Dutch-Swiss illustrator and publisher

Ted Scapa (born Eduard Schaap; 17 January 1931 – 6 December 2023) was a Dutch-born Swiss illustrator, publisher, television presenter, and artist. He directed the Bern-based art publishing house Benteli from 1962 to 1991 and hosted children's programming on Swiss German-language television. He was widely known for his humorous cartoons, which appeared in Swiss and international publications.
== Biography ==
Scapa was born in Amsterdam to Jacques Schaap, a diplomat, and Paula (née Erdtsieck). He trained at the Royal Academy of Art in The Hague. In 1962 he emigrated to Switzerland, and in the same year took over the direction of Benteli, which he developed into an art publishing house with an international scope, leading the firm until 1991. He acquired Bernese citizenship in 1973. That year he also married Meret Meyer, daughter of the publisher Hans Meyer-Benteli.

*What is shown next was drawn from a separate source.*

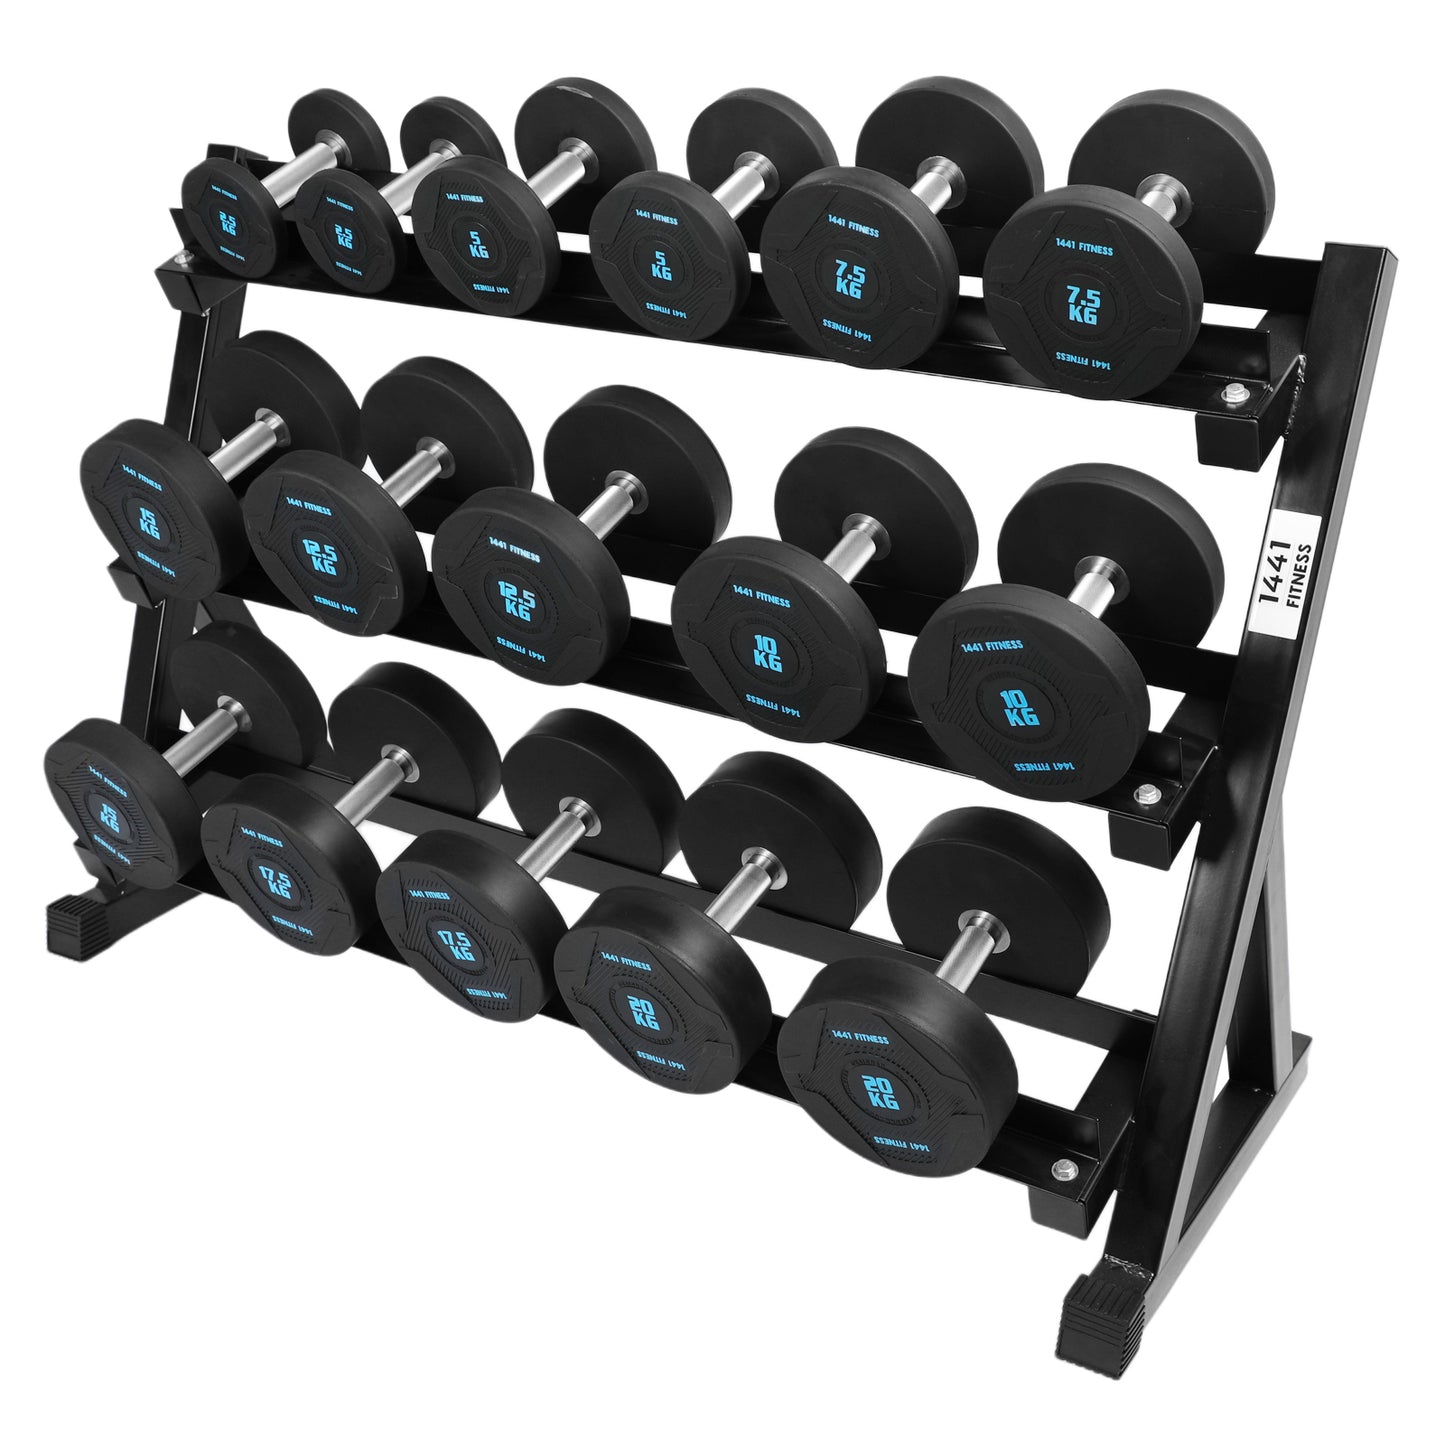 1441 Fitness PU Rubber Round Dumbbell Combo Set 2.5 Kg - 20 Kg (8 Pairs) with 3 Tier Rack

From 1967, Scapa presented children's programs on Swiss German-language television, notably Spielhaus, in which he hosted the segment Zeichnen mit Scapa ("Drawing with Scapa"). He was the author of numerous comic strips and children's books, and his cartoons appeared regularly in the Swiss and international press, including Der Nebelspalter and Die Weltwoche. His humorous drawings are characterized by his keen observation of people in everyday situations. From 1992 onward, he also worked as a painter, sculptor, and designer.
== Bibliography ==
E. Billeter, Scapa, 2002.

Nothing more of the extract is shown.